Deborah tumbled away from them. She smashed into the ceiling and then the far wall. Then the dizzying sideways-and-up motion changed as the Osprey plummeted to the starboard. It threw Deborah back into them. Cam was too off-balance to grab his friend even when her leg thumped him in the chin, but Foshtomi seized Deborah’s waist, trusting the straps to hold them both. She’d never lacked for confidence, and Cam felt another glint of admiration for her.

“Here!” Foshtomi yelled. “Here!”

Unbelievably, the aircraft leveled out. The six of them worked to clip themselves down in a furious panic. Cam finished with himself — the canvas belts seemed too thin — and turned to help Foshtomi with Deborah. Somehow they wrestled her in between them. Deborah’s forehead was swollen with a fat goose egg that had been cut open on one side, throwing blood through her yellow hair. Her blue eyes were groggy and dim.

Up front, Lang chattered in Mandarin again as his hands danced over the consoles. The Osprey was climbing now and Bornmann hollered back, “Missiles! Two fighters on our tail! We’re going to ditch this bitch if we can just—”

The wall exploded. Fire and heat burst through the rear of the plane in a hundred tiny holes. Metal fragments clattered through the fuselage. Then the fire was replaced by smoke and sunlight. Air whistled through the holes at a deafening pitch. Most of the swirling black fog was stripped away, but it was replaced by the red mist streaming from Foshtomi’s chest.

“Sarah!” Cam yelled, fumbling past Deborah to help her.

The explosion must have been a near miss, he realized. Otherwise they’d be gone. But the damage was bad enough. Wind and sunlight howled through the aircraft as he tried to catch the meaty organs spilling fromFoshtomi’s side. Herintes tines were hot. Her face was white and dead. Cam screamed and tried to apply pressure anyway, his arm trembling against the wild force of their descent.

The Osprey was in a tailspin.

No, Cam thought. No!

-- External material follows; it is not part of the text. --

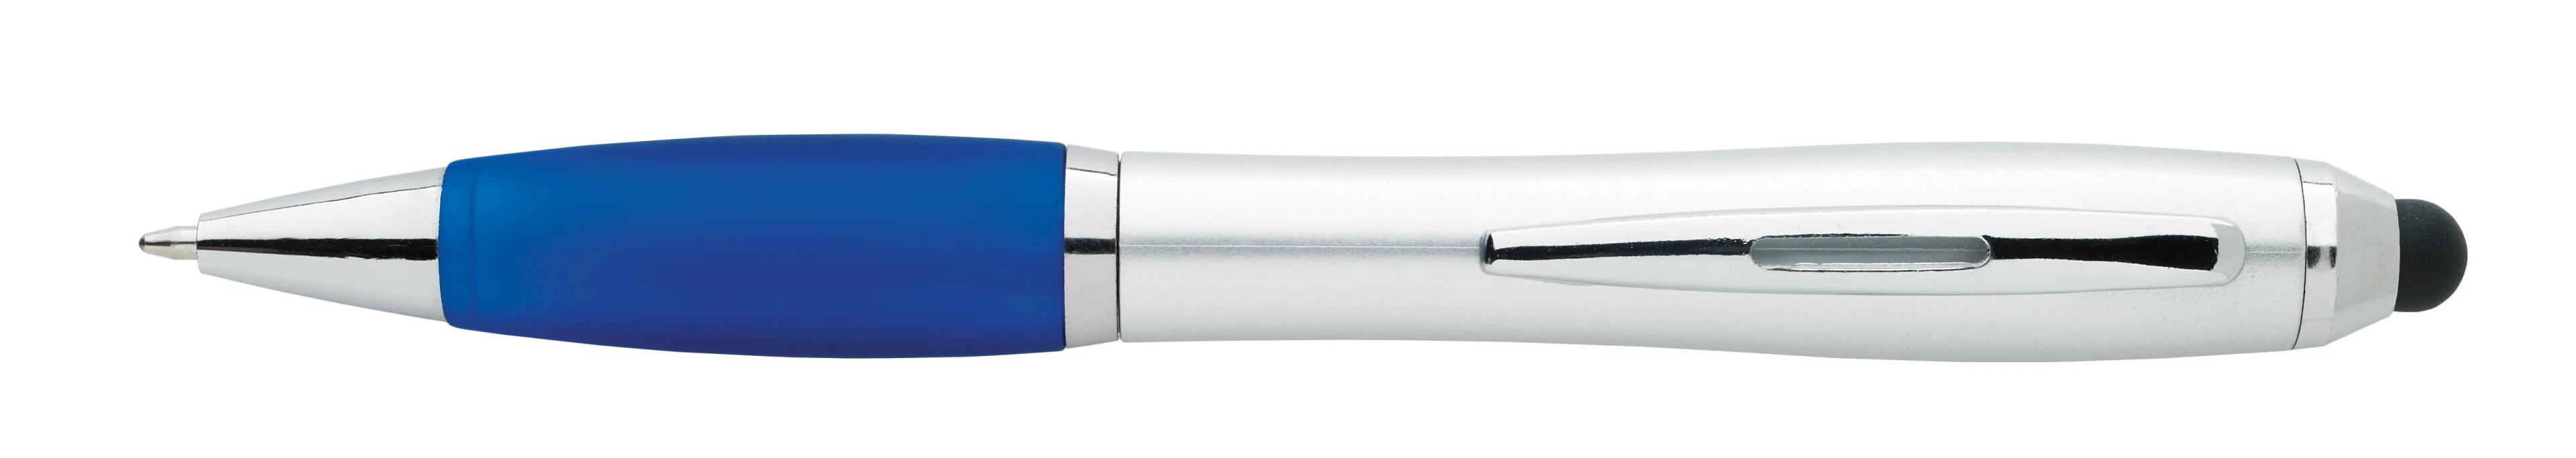 Ion Silver Stylus Pen 2 of 17

He glanced forward again, looking for the sky — for God — for anything other than this horror. Beyond the pilots, he saw a patch of blue. Then the horizon tilted into view.

The hard orange color of the desert filled the windshield. The ground was very close.

It’s not supposed to end like this! he thought, but the Osprey caught its starboard wing against the earth and whipsawed into an uneven leaping cartwheel as the fuselage disintegrated.